Causing the service to try restarting 5 times on every puppet run (every 30 minutes).

Thanks @jcrespo - The cause of it seems to be a difference in the version of the prometheus-elasticsearch-exporter between buster and bullseye.

The datahubsearch100* nodes are running bullseys and they show this when trying to run the exporter.

btullis@datahubsearch1001:~$ /usr/bin/prometheus-elasticsearch-exporter -es.uri=http://localhost:9200 -web.listen-address=:9108
prometheus-elasticsearch-exporter: error: unknown short flag '-e', try --help

This version wants to use long-form options.
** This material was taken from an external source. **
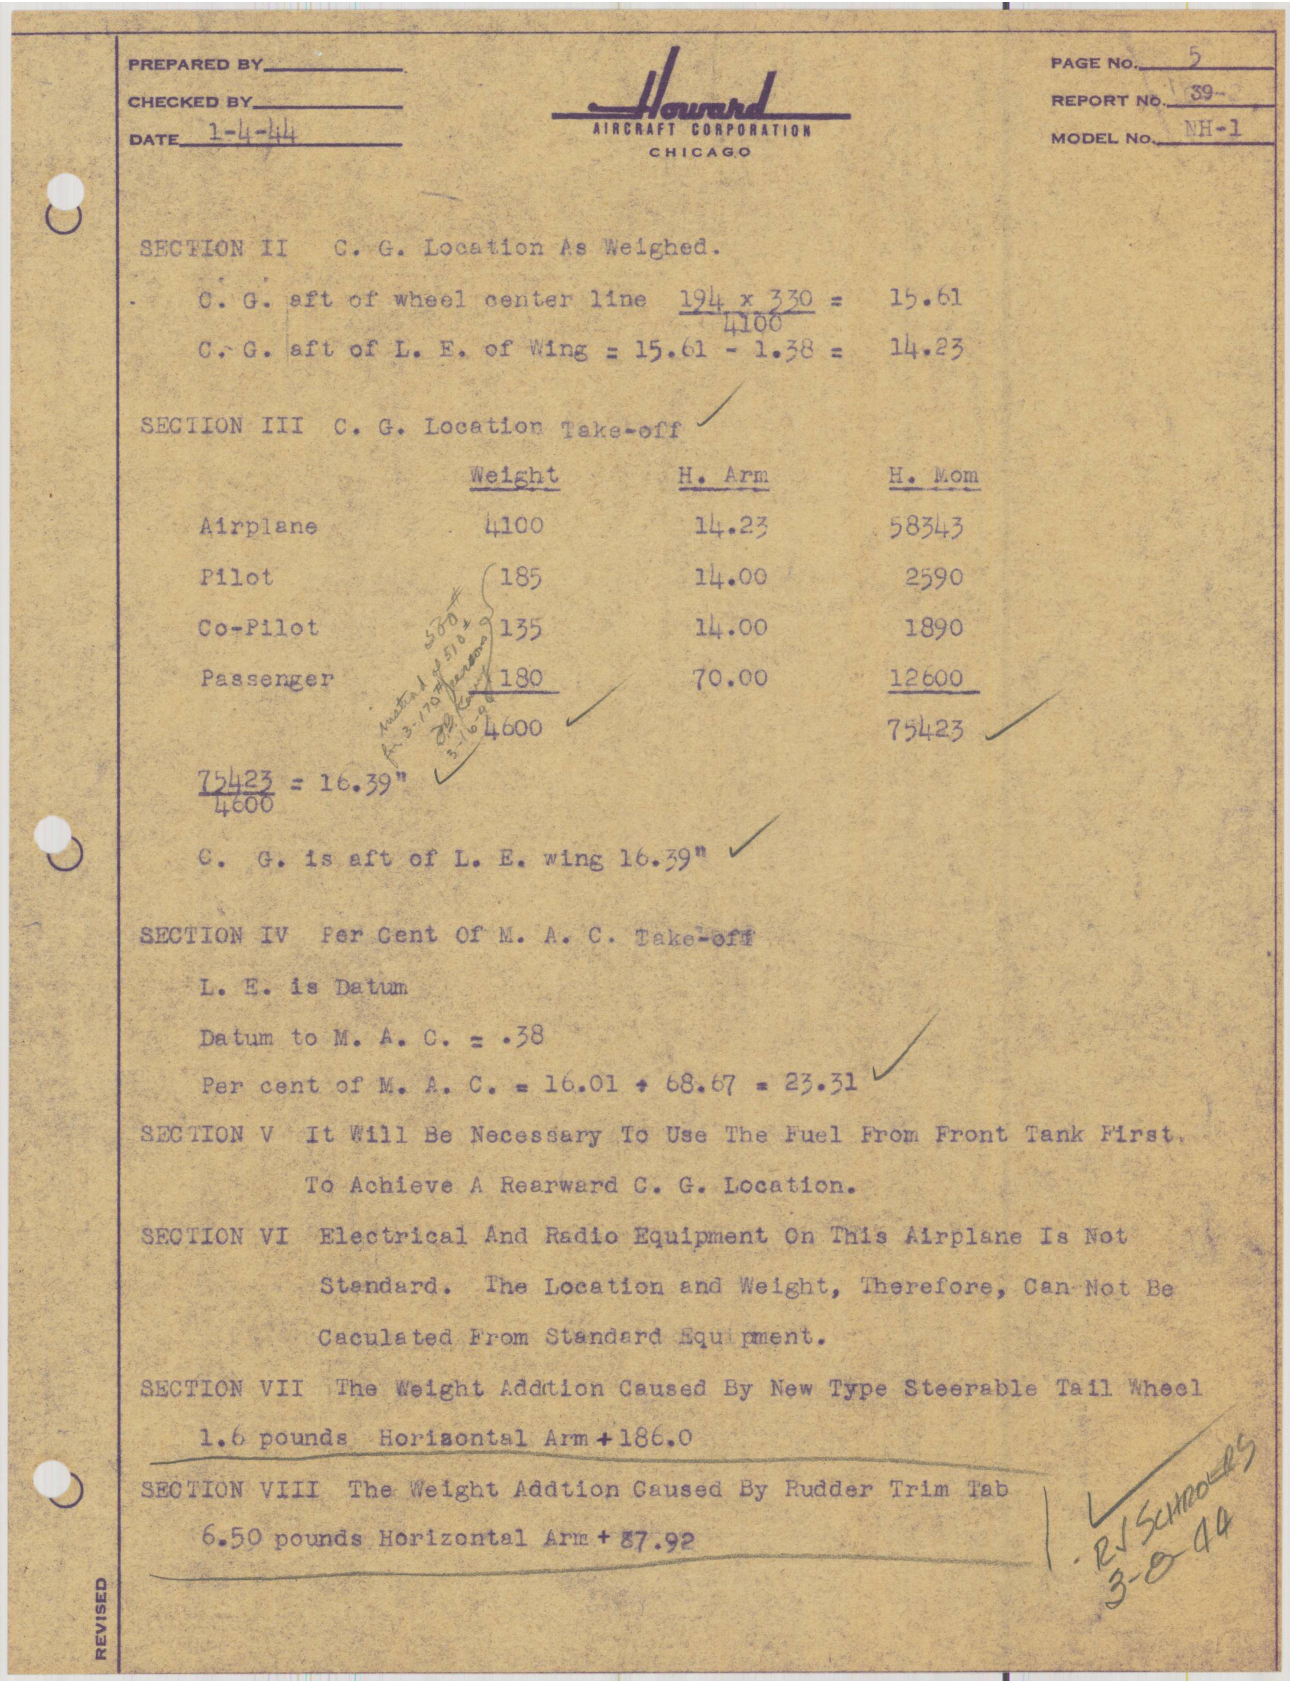 Sample page 6 from AirCorps Library document: Report 39, Flight Test Report, NH-1

btullis@datahubsearch1001:~$ /usr/bin/prometheus-elasticsearch-exporter --help 2>&1|grep uri
      --es.uri="http://localhost:9200"

Whereas the version that is installed on other hosts, e.g. logstash1024 wants to use the short-form options:

btullis@logstash1024:~$ /usr/bin/prometheus-elasticsearch-exporter --help 2>&1|grep uri
  -es.uri string

The version on buster is 1.0.4+ds-1 and the version for bullseye is: 1.1.0+ds-2+b5

btullis@logstash1024:~$ apt-cache policy prometheus-elasticsearch-exporter
prometheus-elasticsearch-exporter:
  Installed: 1.0.4+ds-1
  Candidate: 1.0.4+ds-1
  Version table:
 *** 1.0.4+ds-1 1001
       1001 http://apt.wikimedia.org/wikimedia buster-wikimedia/main amd64 Packages
        100 /var/lib/dpkg/status
btullis@datahubsearch1001:~$ apt-cache policy prometheus-elasticsearch-exporter
prometheus-elasticsearch-exporter:
  Installed: 1.1.0+ds-2+b5
  Candidate: 1.1.0+ds-2+b5
  Version table:
 *** 1.1.0+ds-2+b5 500
        500 http://mirrors.wikimedia.org/debian bullseye/main amd64 Packages
        100 /var/lib/dpkg/status

I think that the best option is probably to look at backporting 1.1.0+ds-2+b5 to buster and updating https://github.com/wikimedia/puppet/blob/production/modules/prometheus/templates/initscripts/prometheus-elasticsearch-exporter.systemd.erb#L8

Change 770005 had a related patch set uploaded (by Btullis; author: Btullis):

[operations/puppet@production] Fix the prometheus elasticsearch exporter on bullseye

https://gerrit.wikimedia.org/r/770005

Change 770005 merged by Btullis:

[operations/puppet@production] Fix the prometheus elasticsearch exporter on bullseye

https://gerrit.wikimedia.org/r/770005

BTullis removed a project: Data Pipelines.

All checks are green, now that the prometheus exporter has been fixed. Marking this ticket as done.